● **Task objective**
An exact copy of the listing below is needed, with no pictures in it.

● **Collected data**
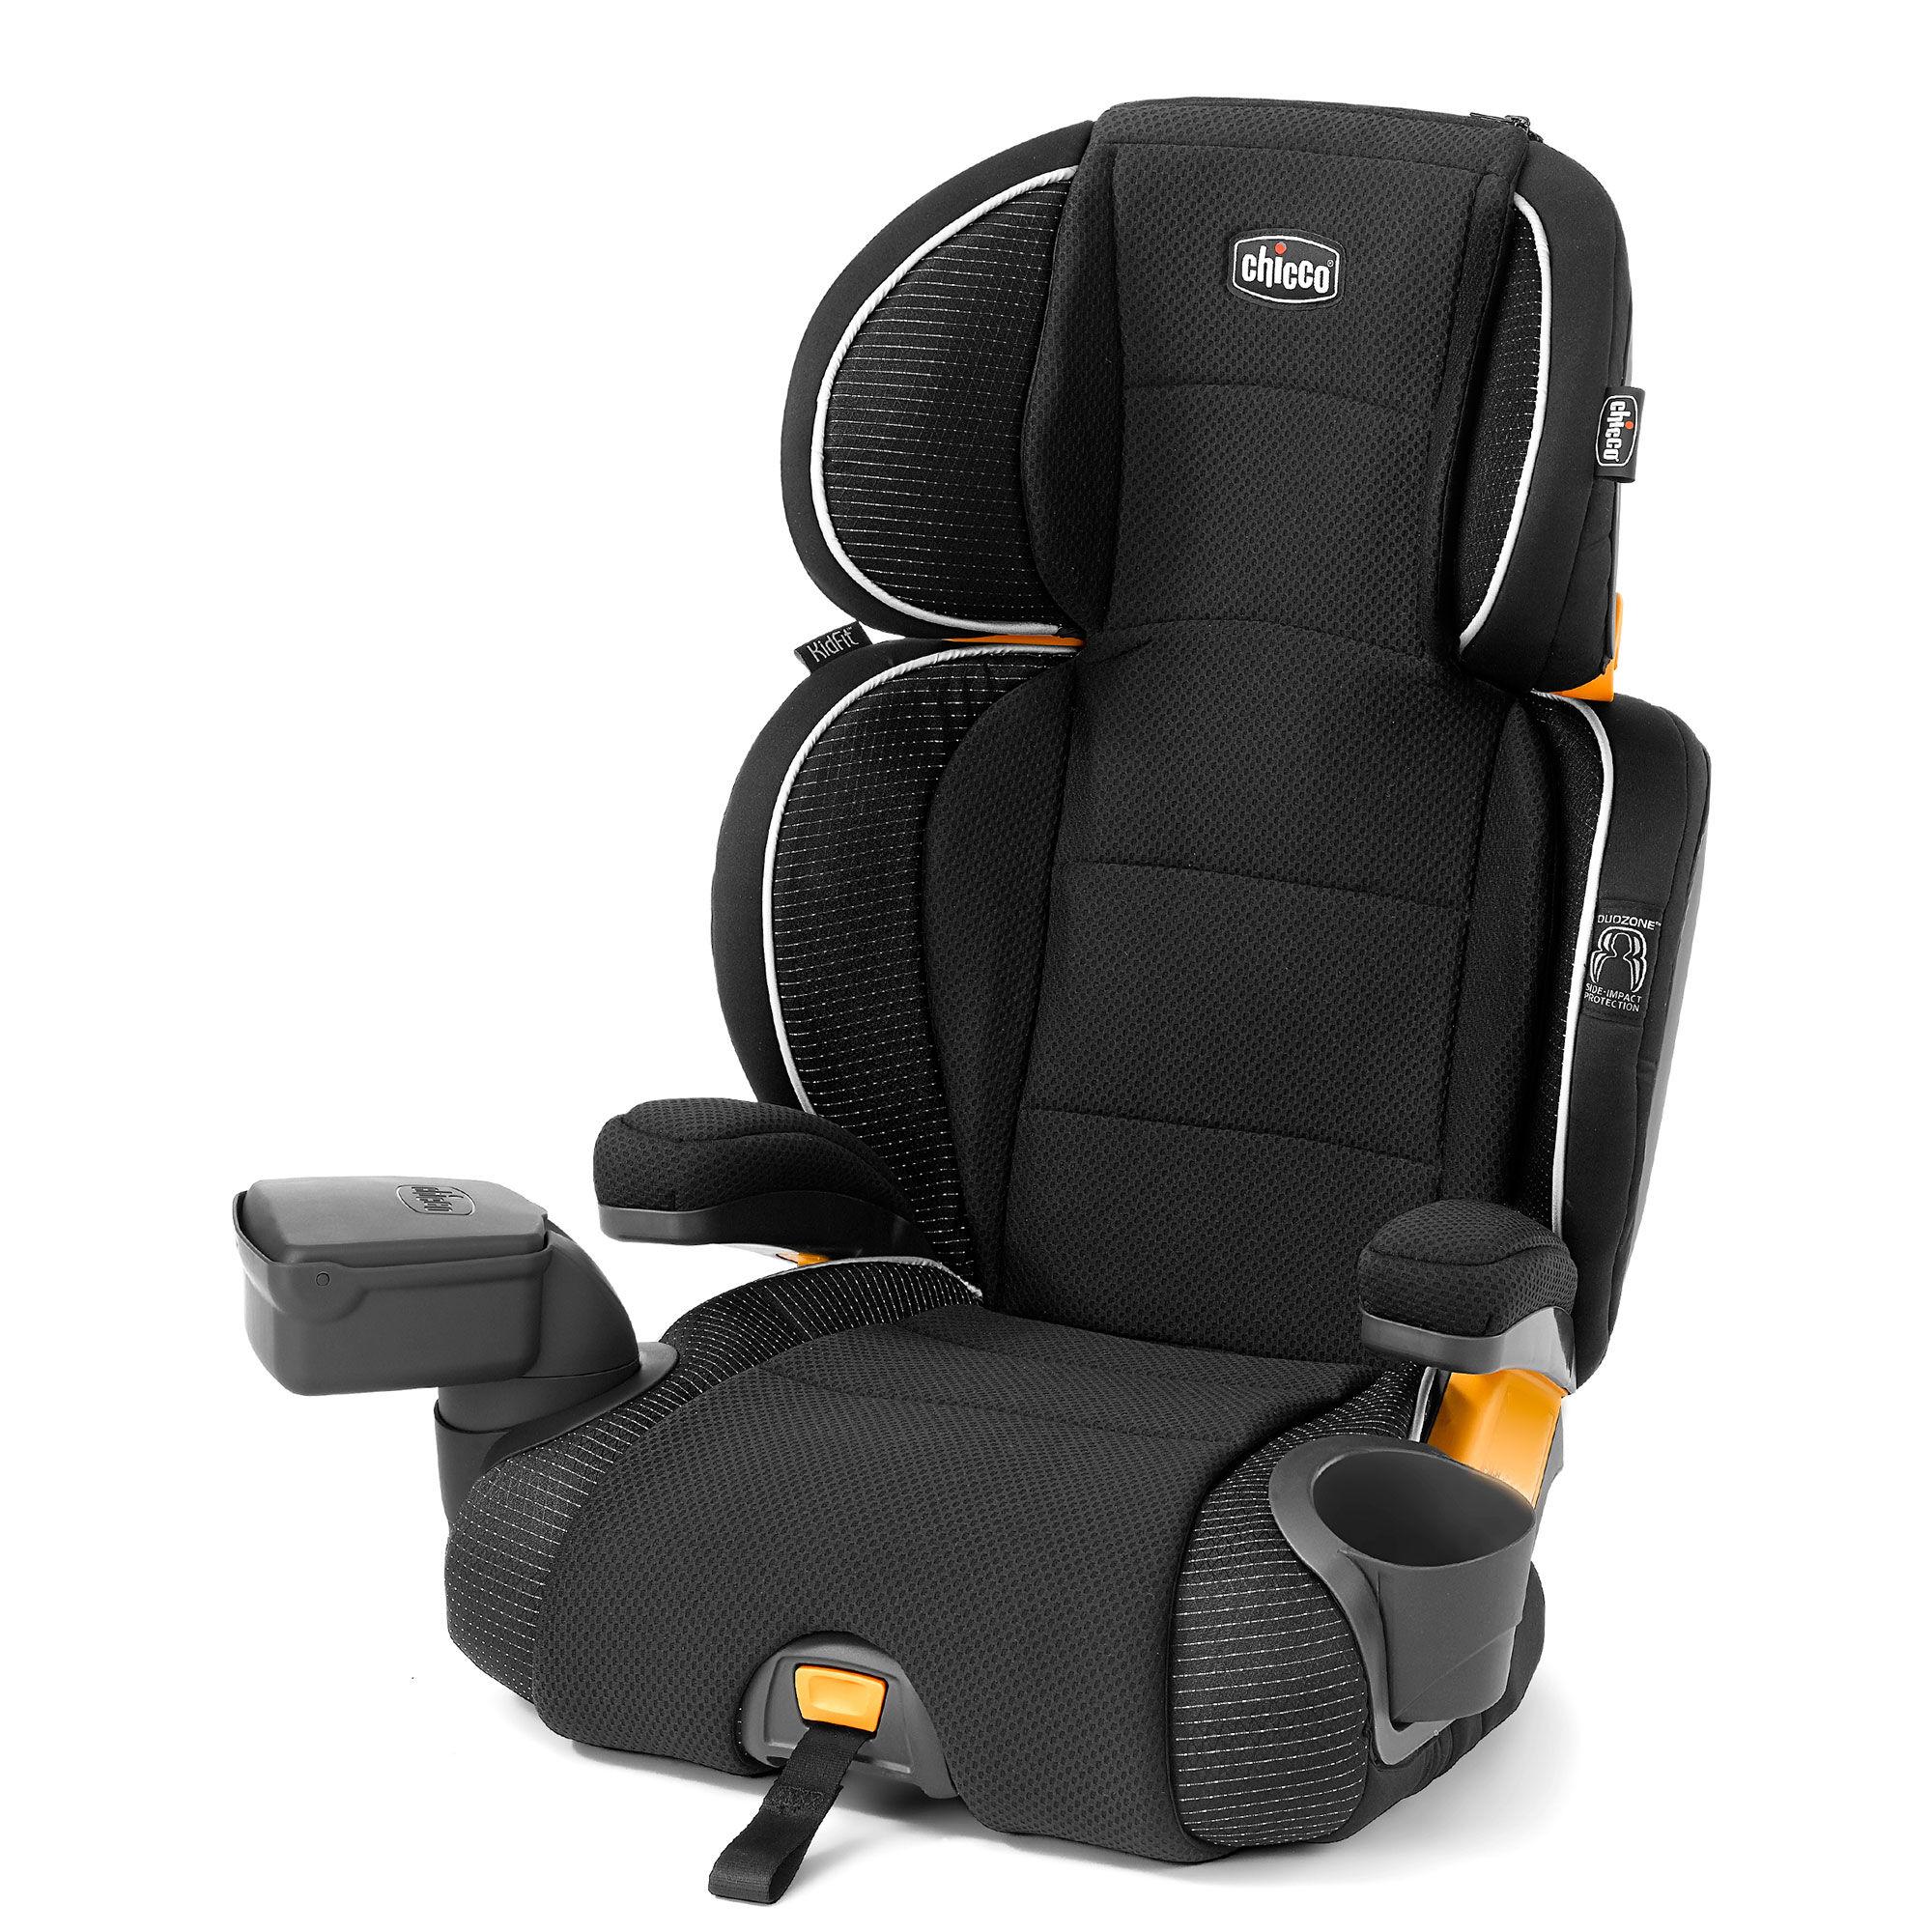 chicco kidfit zip 2 in 1 belt positioning booster car seat genesis. Black Bedroom Furniture Sets. Home Design Ideas
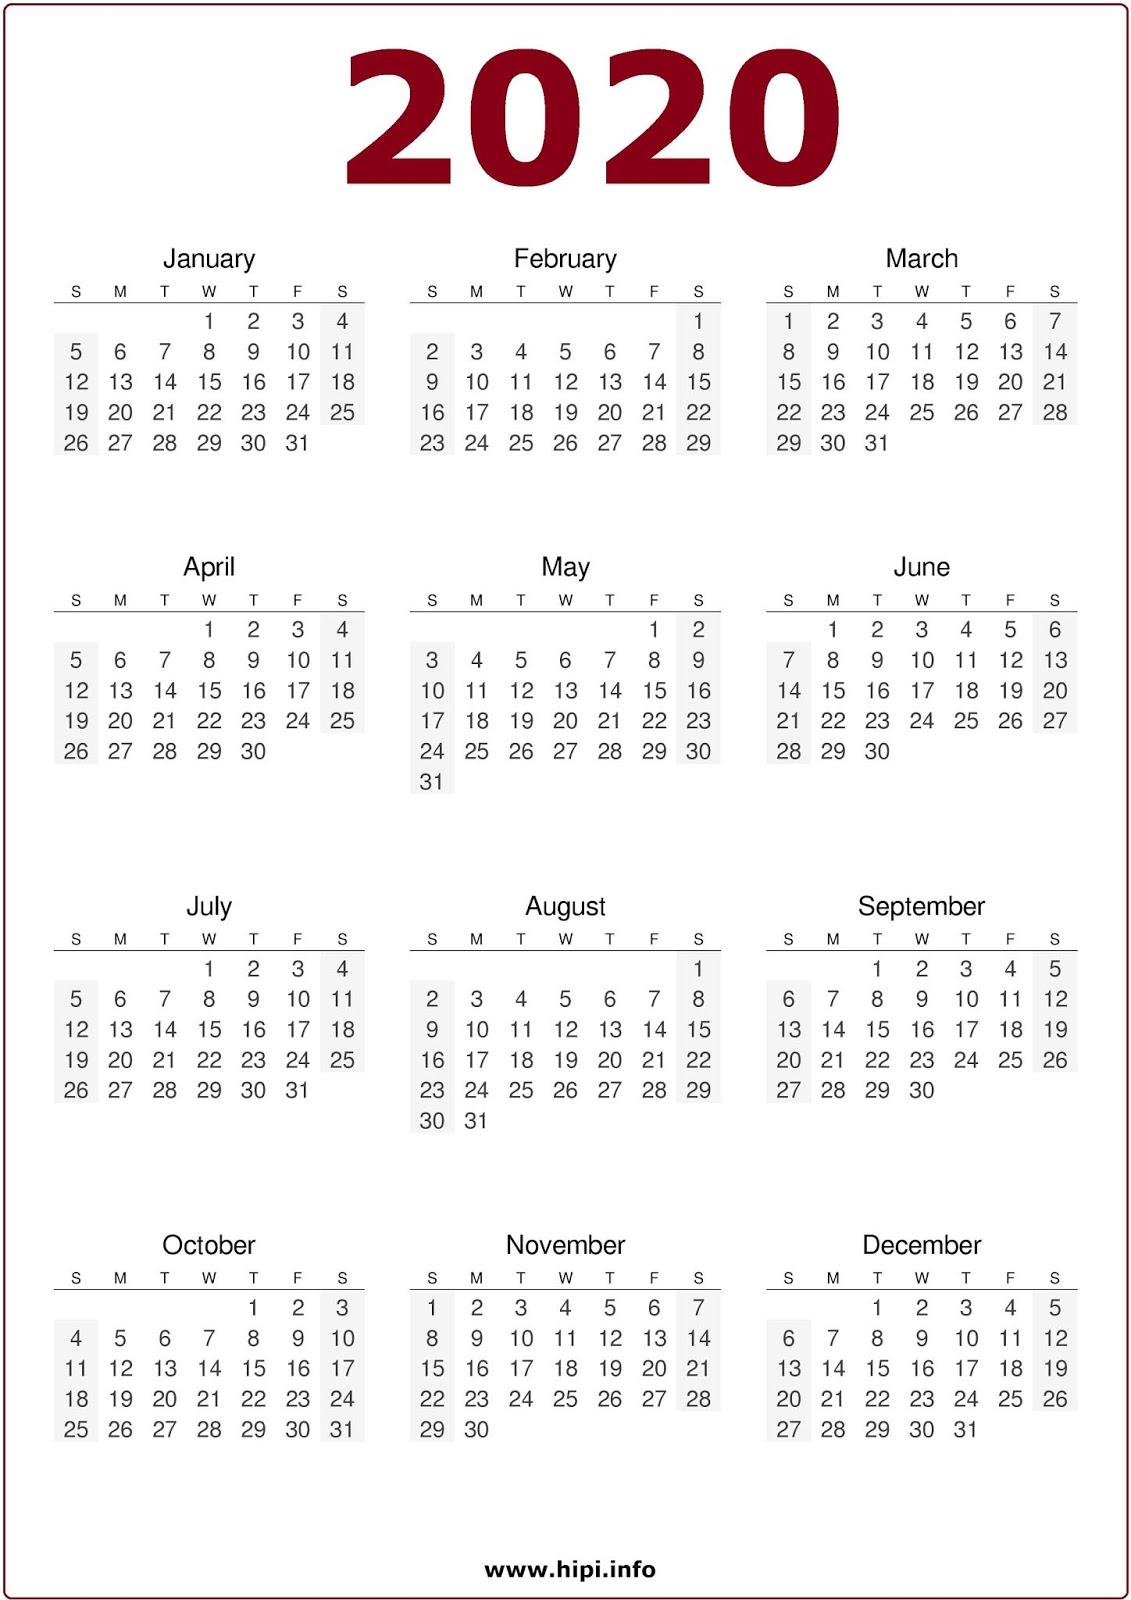 Printable 2020 Calendar One Page.Calendars Printable Twitter Headers Facebook Covers
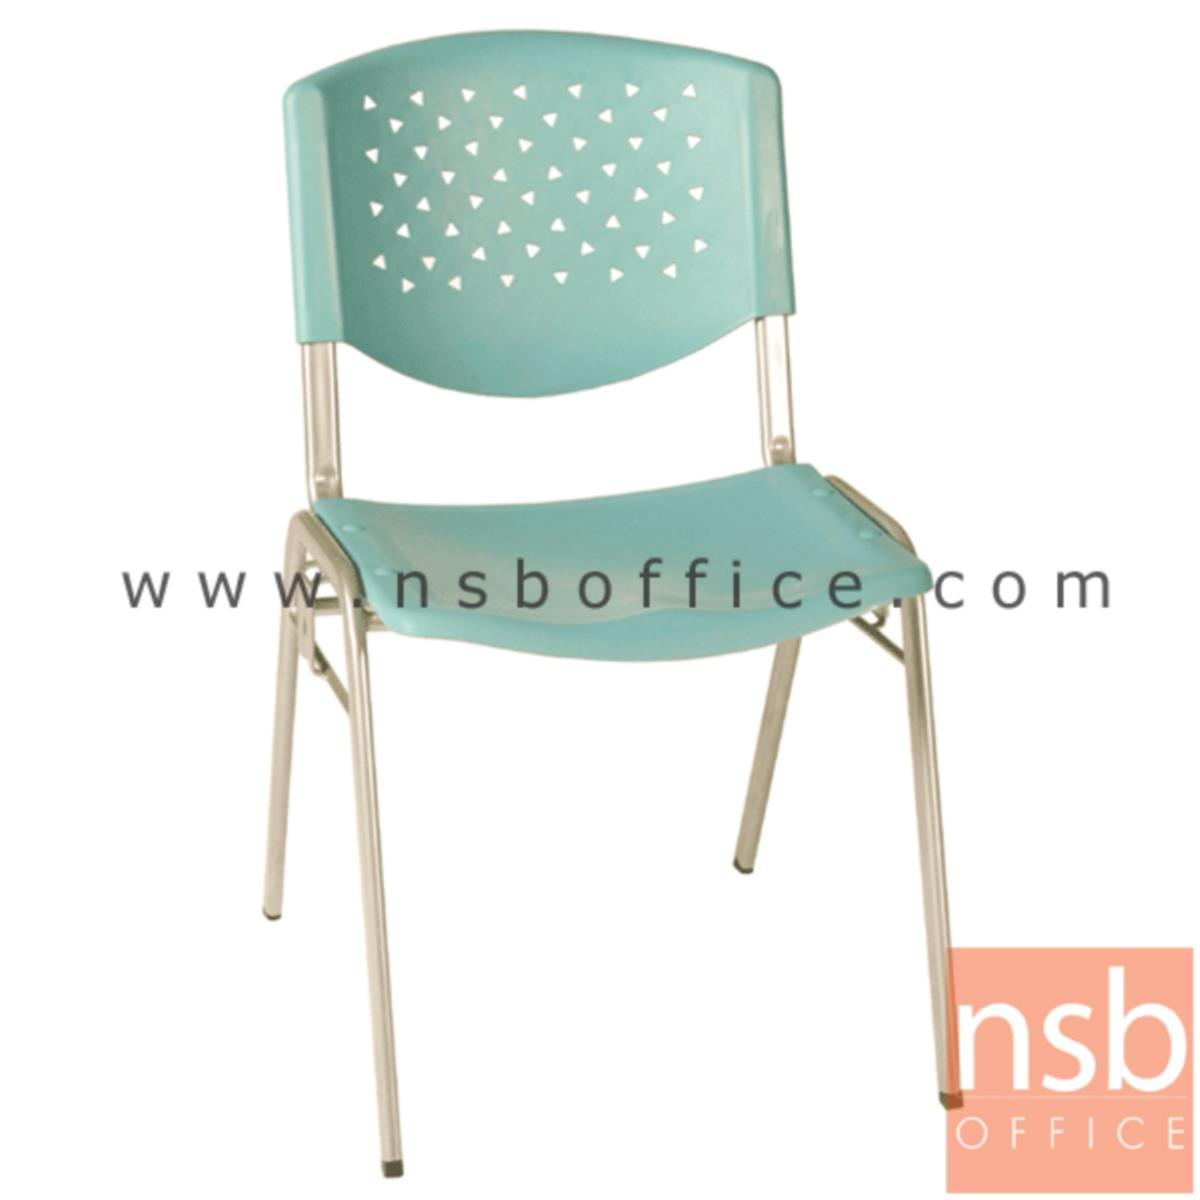 B05A041:เก้าอี้อเนกประสงค์เฟรมโพลี่ รุ่น A236-626  ขาเหล็ก

● **Exercise response**
 chicco kidfit zip 2 in 1 belt positioning booster car seat genesis. Black Bedroom Furniture Sets. Home Design Ideas
 Printable 2020 Calendar One Page.Calendars Printable Twitter Headers Facebook Covers
 B05A041:เก้าอี้อเนกประสงค์เฟรมโพลี่ รุ่น A236-626  ขาเหล็ก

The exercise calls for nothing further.